Question

Help

Answer 1

Its a derivation from momentum changes in a system of variable mass..my Question is that why a sign of velocity of big mass relative to small mass is changed in 2nd step..

Answer 2

@mathmate

Answer 3

@shamim

Answer 4

@IrishBoy123

Answer 5

can hardly read it but they also switched U and V around to get relative velocity so i presume that it assists presentation

Answer 6

Yeah, it's very hard to read. Can you write it out using the drawing tool (the "draw" button below)?

Answer 7

No i am unable to use drawing tool because i am using tablet ..

Answer 8

clearly you are starting with \(\large \vec F = \frac{d}{dt}\vec p = \frac{d}{dt} (m \vec v)\) and running with that gives

\(\large m \frac{d \vec v} {dt} +\frac{dm}{dt} (\vec v - \vec u)\)

and then the switch to
\(\large m \frac{d \vec v} {dt} -\frac{dm}{dt} (\vec u - \vec v)\) where \( (\vec u - \vec v)\ = \vec v_{rel} \)

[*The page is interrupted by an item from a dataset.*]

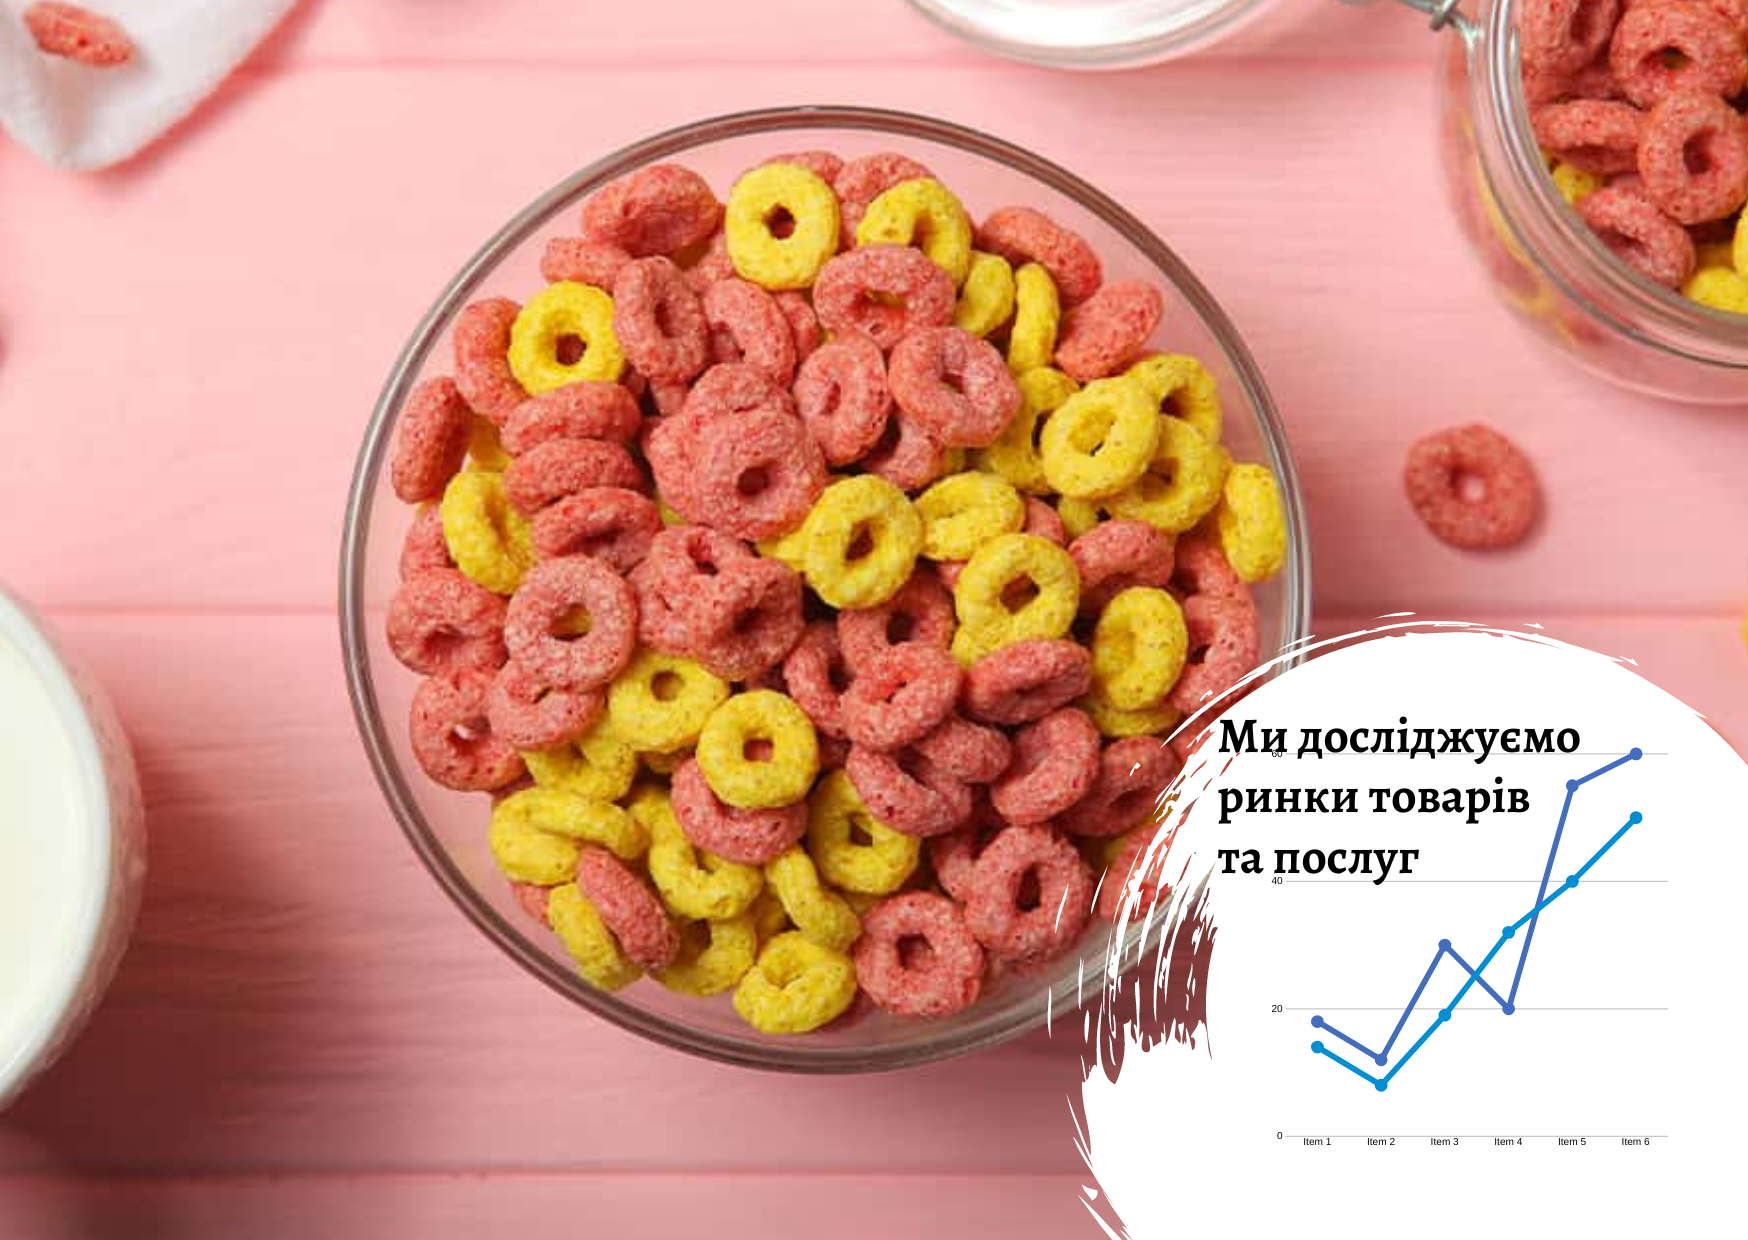 Ukrainian breakfast cereal market

all looks very OM except we do not actually know what you are modelling!

eg what is \(\vec u\) ?

Answer 9

"very OM" = very OK

Answer 10

U is velocity of big mass where v is the velocity of ejected mass

Answer 11

I think u r right tht signs doesnt mean.. this iw due to relativity..

Answer 12

since the subsequent identity, has been used:
\[\Large {\mathbf{v}} - {\mathbf{u}} = - \left( {{\mathbf{u}} - {\mathbf{v}}} \right)\]

Answer 13

Okay thanks to all for helping me.. :)